Singapore has revised its 2023 forecasts for non-oil domestic exports (NODX) and total merchandise trade downward, primarily due to weaker-than-anticipated performance in the first three quarters of the year, particularly in oil and electronics trade, as reported by Enterprise Singapore (EnterpriseSG) on November 22, 2023.

NODX is now projected to decrease by 12% to 12.5% year-on-year (yoy), a steeper decline than the earlier forecast of 9% to 10%. Similarly, total merchandise trade is expected to shrink by around 10% yoy, adjusted from the previous projection of 9% to 10%. These adjustments follow earlier downgrades made in May and August.

In the first three quarters of 2023, oil and electronics trade contributed significantly to the decline, accounting for 29% and 60% of the total merchandise trade drop, respectively. The third quarter continued this trend, with lower oil prices and weakened electronics demand due to high inventory levels impacting overall trade performance.

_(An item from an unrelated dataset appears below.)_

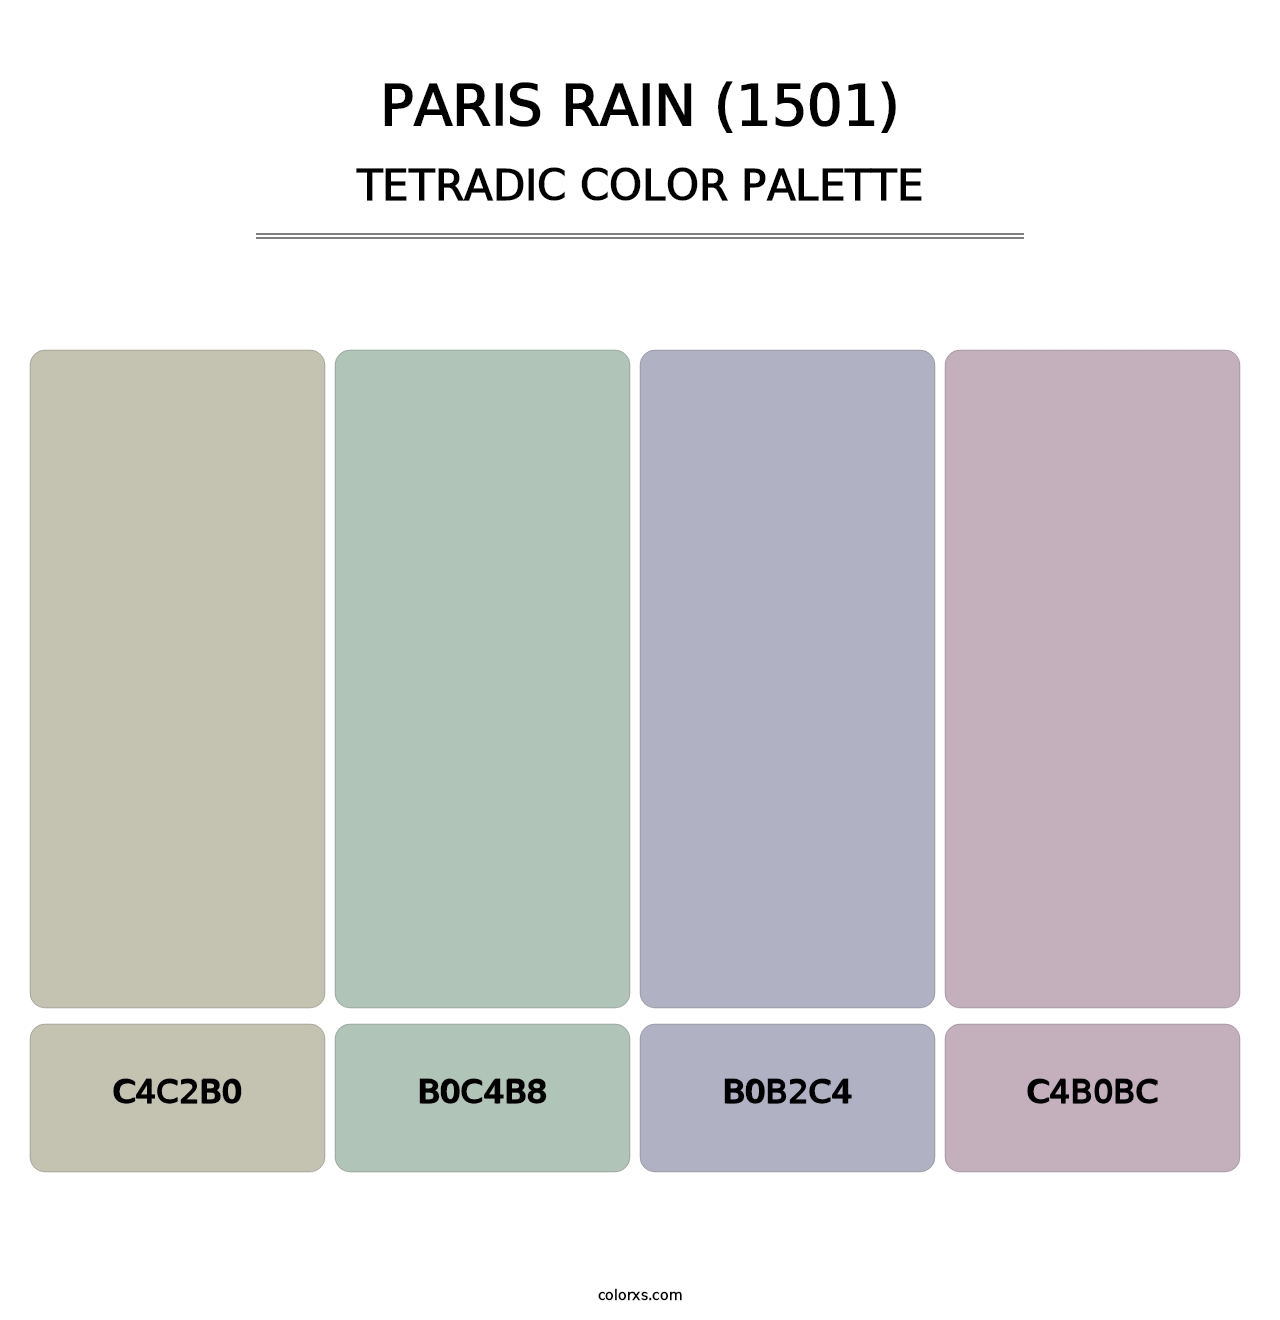 Paris Rain (1501) - Tetradic Color Palette

Despite this downturn, EnterpriseSG anticipates a modest recovery in trade for 2024, with NODX projected to grow by 2% to 4% and total merchandise trade expected to expand by 4% to 6%. The expected increase in oil prices is anticipated to provide support for oil trade in nominal terms, while global electronics demand is expected to recover gradually as inventory levels normalize.

Private-sector economists predict a return to positive yoy NODX growth in the fourth quarter. Some economists have noted a gradual improvement in semiconductor sales and optimism surrounding AI-related chips, indicating a potential rebound in exports.

In the third quarter of 2023, NODX fell by 18.8% yoy, marking the weakest quarterly performance since early 2009. Both electronic and non-electronic NODX experienced declines, with electronic exports down 20% and non-electronic exports down 18.5%.

As for total merchandise trade, it dropped 16.4% yoy in Q3, with oil trade declining by 25.1%. While seasonally adjusted total merchandise trade saw a quarterly increase of 3.2%, the overall outlook for 2024 appears more positive, with expectations of growth in Singapore’s externally facing sectors driven by recovering global demand.

EnterpriseSG cited that the International Monetary Fund (IMF) projects global economic growth of 3% in 2023, with a slight slowdown to 2.9% in 2024. The World Trade Organization (WTO) also forecasts a 0.8% growth in global merchandise trade for 2023, rebounding to 3.3% in 2024.